# [Task directions]
Please restate the data below word for word, omitting all images.

# [Recorded data]
*****

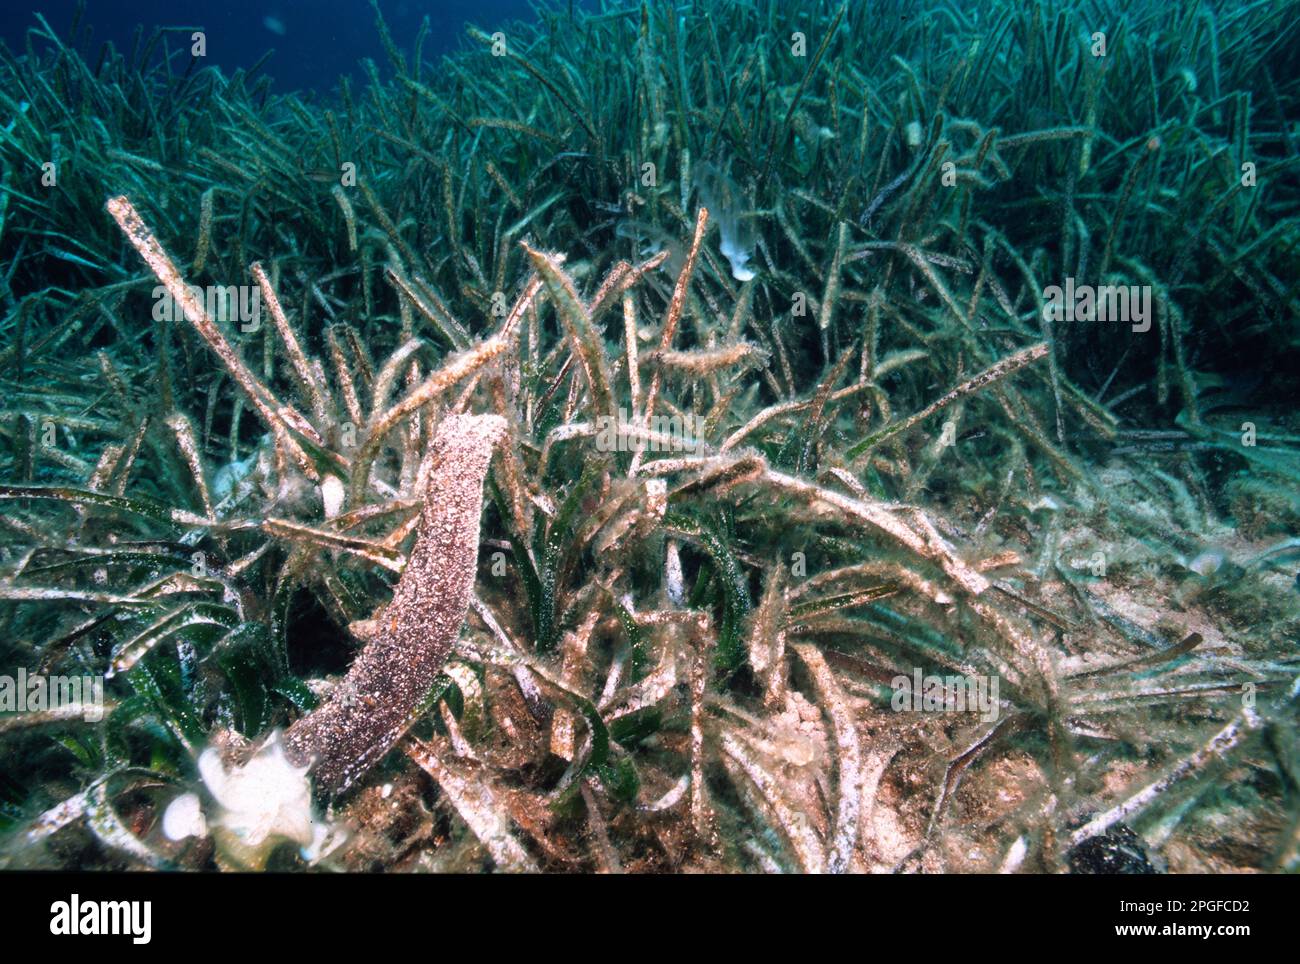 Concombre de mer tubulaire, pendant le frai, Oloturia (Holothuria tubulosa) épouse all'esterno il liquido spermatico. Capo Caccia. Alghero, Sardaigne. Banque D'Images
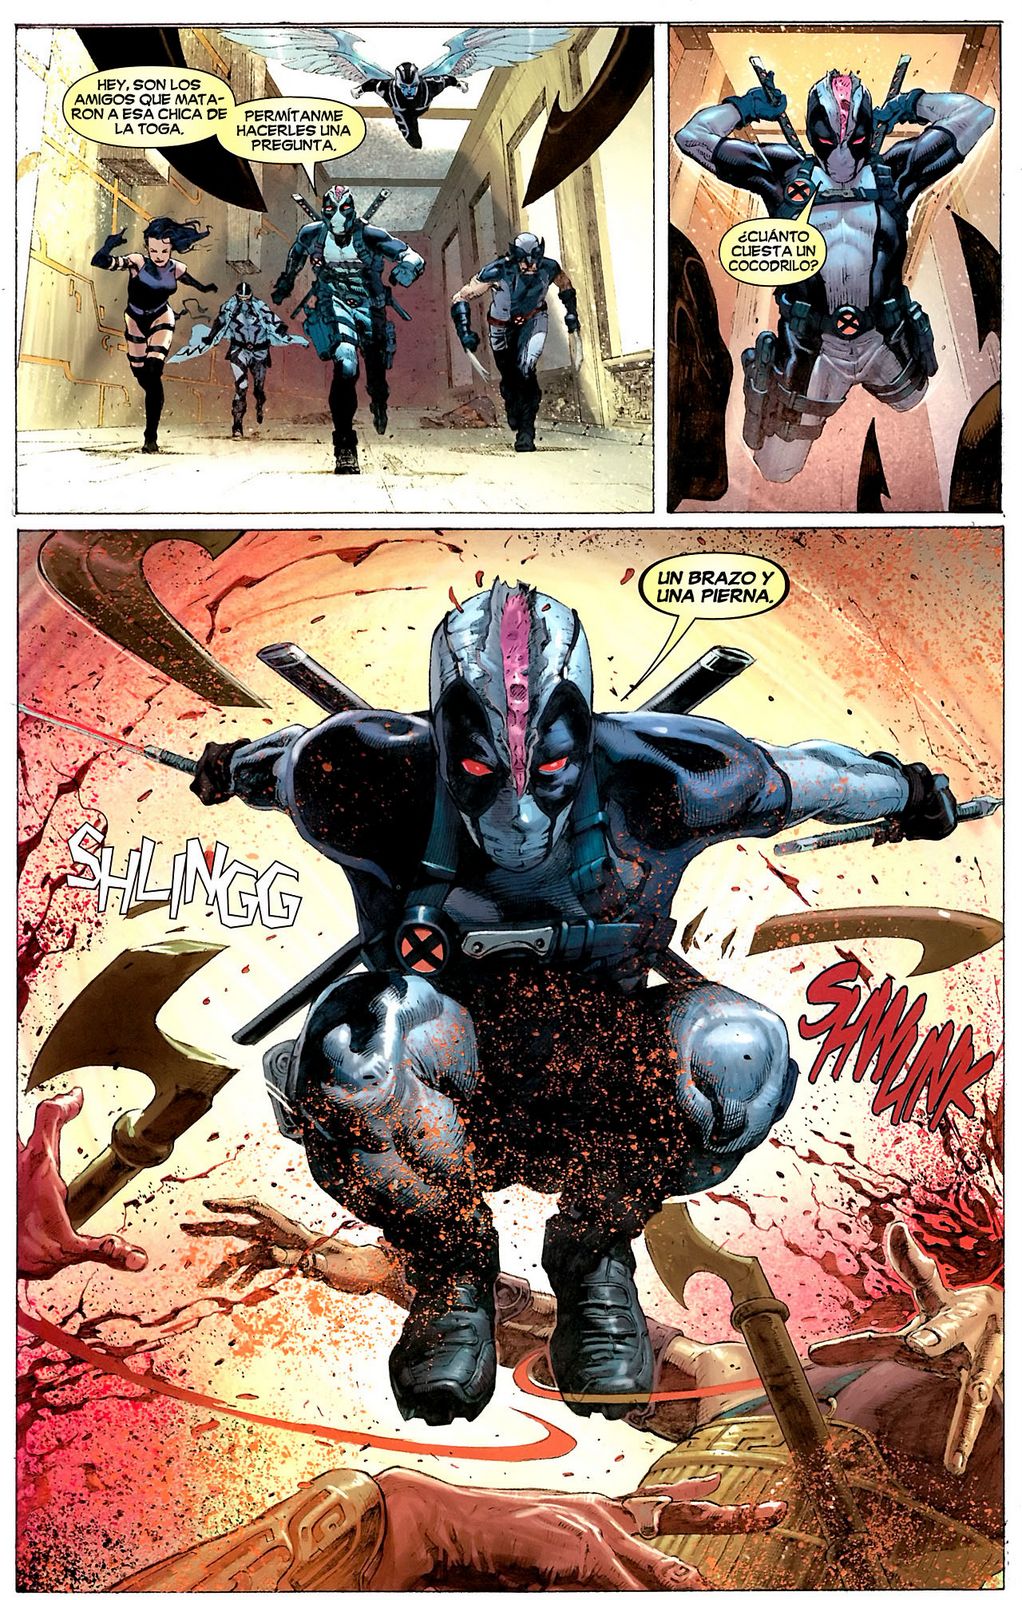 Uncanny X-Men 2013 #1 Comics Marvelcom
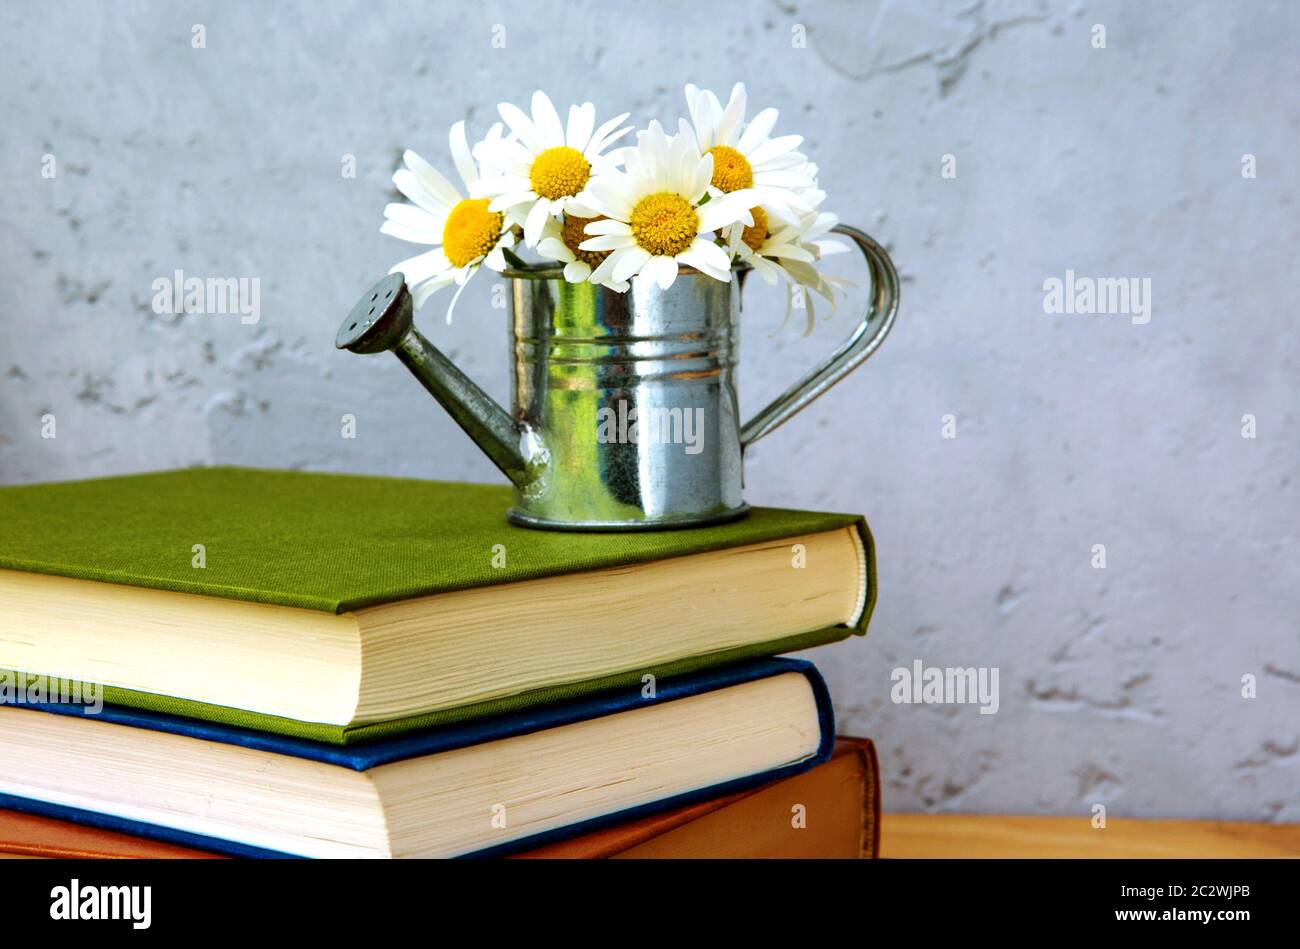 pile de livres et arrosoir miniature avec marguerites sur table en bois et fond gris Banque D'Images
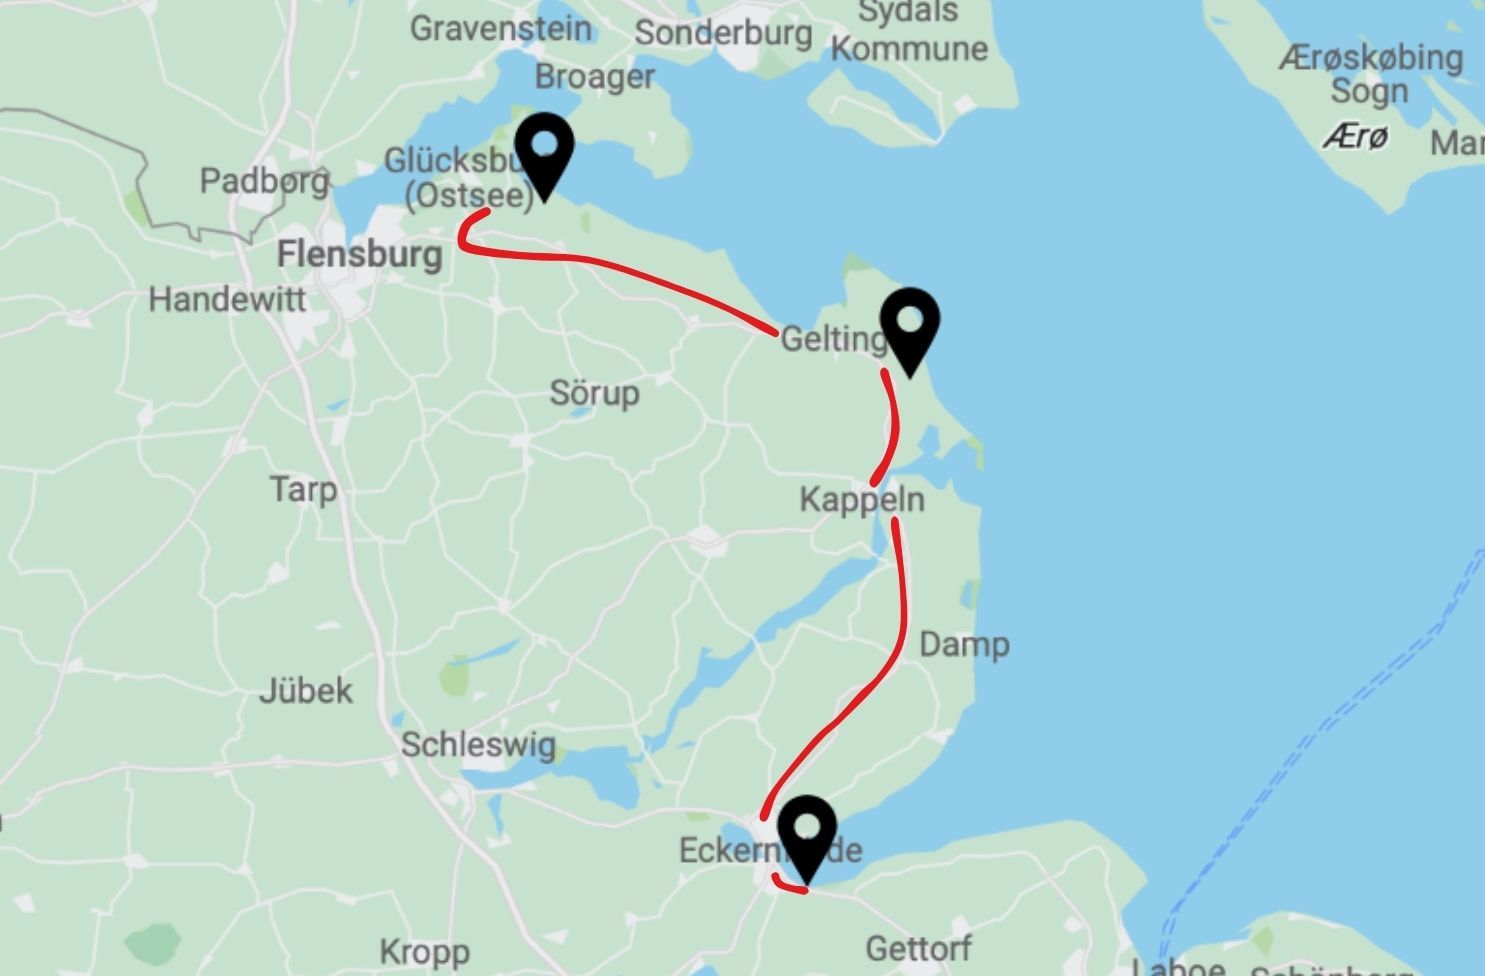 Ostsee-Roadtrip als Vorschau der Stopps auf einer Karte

*****

# [Completed task]
 Concombre de mer tubulaire, pendant le frai, Oloturia (Holothuria tubulosa) épouse all'esterno il liquido spermatico. Capo Caccia. Alghero, Sardaigne. Banque D'Images
 Uncanny X-Men 2013 #1 Comics Marvelcom
 pile de livres et arrosoir miniature avec marguerites sur table en bois et fond gris Banque D'Images
 Ostsee-Roadtrip als Vorschau der Stopps auf einer Karte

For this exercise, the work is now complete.